Instituto de Medicina Social, Departamento de Epidemiologia, e Instituto de Estudos em Saúde Coletiva, Departamento de Medicina Preventiva, Universidade do Estado do Rio de Janeiro, Rua São Francisco Xavier 524, Maracanã, RJ, Brazil.
Am J Trop Med Hyg. 2011 May;84(5):681-7. doi: 10.4269/ajtmh.2011.10-0325.
This study used spatial analysis to identify areas at greatest risk of visceral leishmaniasis (VL) in the urban area of Teresina, Brazil during 2001-2006. The results from kernel ratios showed that peripheral census tracts were the most heavily affected.

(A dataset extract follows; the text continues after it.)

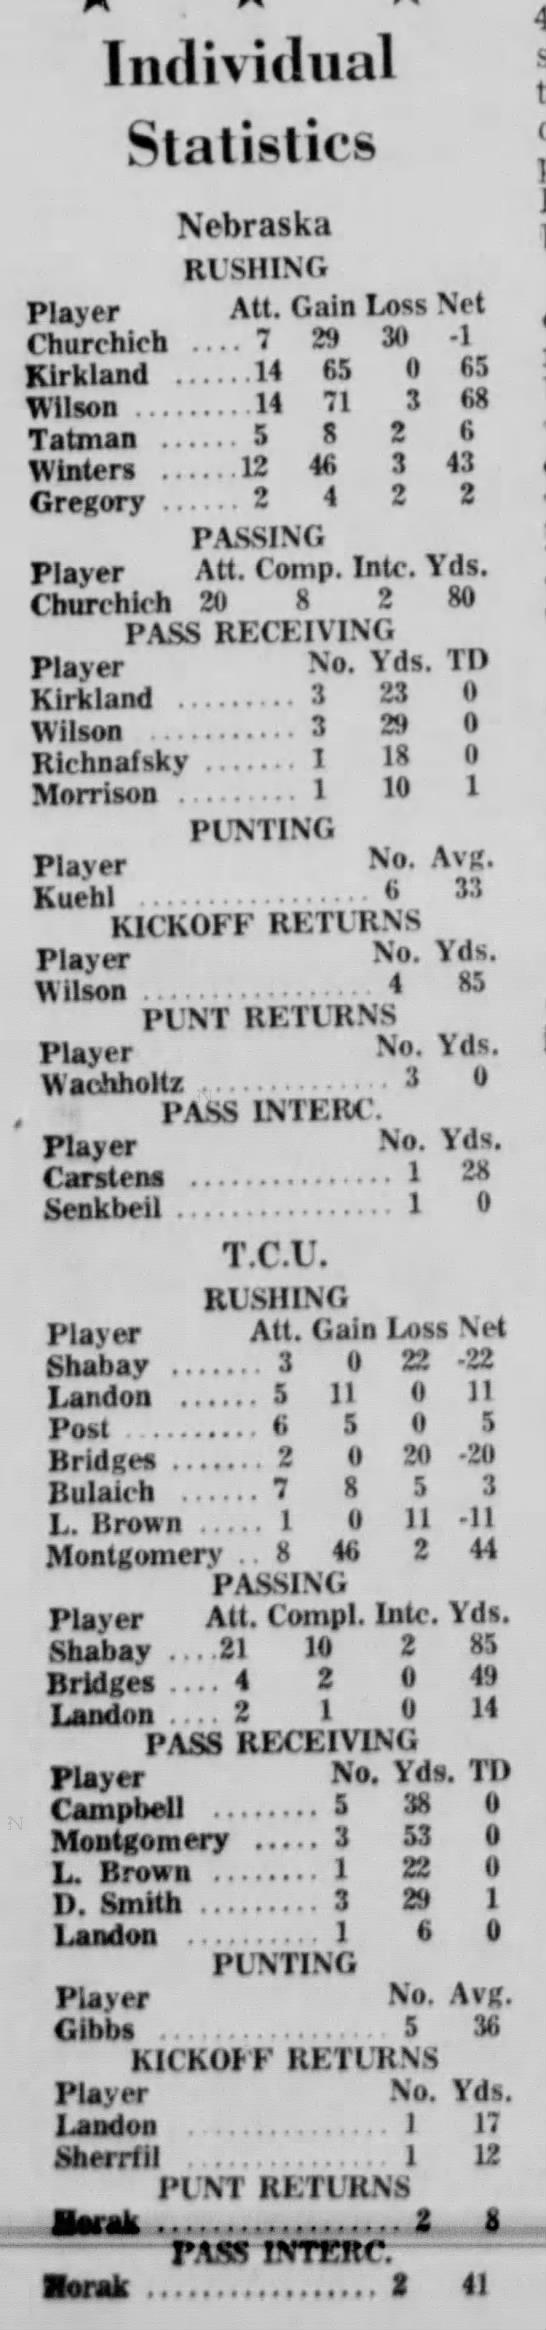 1966 Nebraska-TCU football game stats -

Local spatial analysis showed that in the beginning of the study period local clusters of high incidence of VL were mostly located in the southern and northeastern parts of the city, but in subsequent years those clusters also appeared in the northern region of the city, suggesting that the pattern of VL is not static, and the disease may occasionally spread to other areas of the municipality. We also observed a spatial correlation between VL rates and all socioeconomic and demographic indicators evaluated (P < 0.01). The concentration of interventions in high-risk areas could be an effective strategy to control the disease in the urban setting.
本研究采用空间分析方法,确定了巴西特雷西纳市区 2001-2006 年内脏利什曼病(VL)的高风险区域。核比的结果表明,周边的人口普查区受影响最严重。局部空间分析显示,在研究初期,VL 高发病率的局部聚集区主要位于城市的南部和东北部,但在随后的几年中,这些聚集区也出现在城市的北部地区,这表明 VL 的模式并非一成不变,该疾病偶尔可能会传播到该市的其他地区。我们还观察到 VL 发生率与评估的所有社会经济和人口指标之间存在空间相关性(P < 0.01)。在高风险地区集中干预措施可能是控制城市环境中该疾病的有效策略。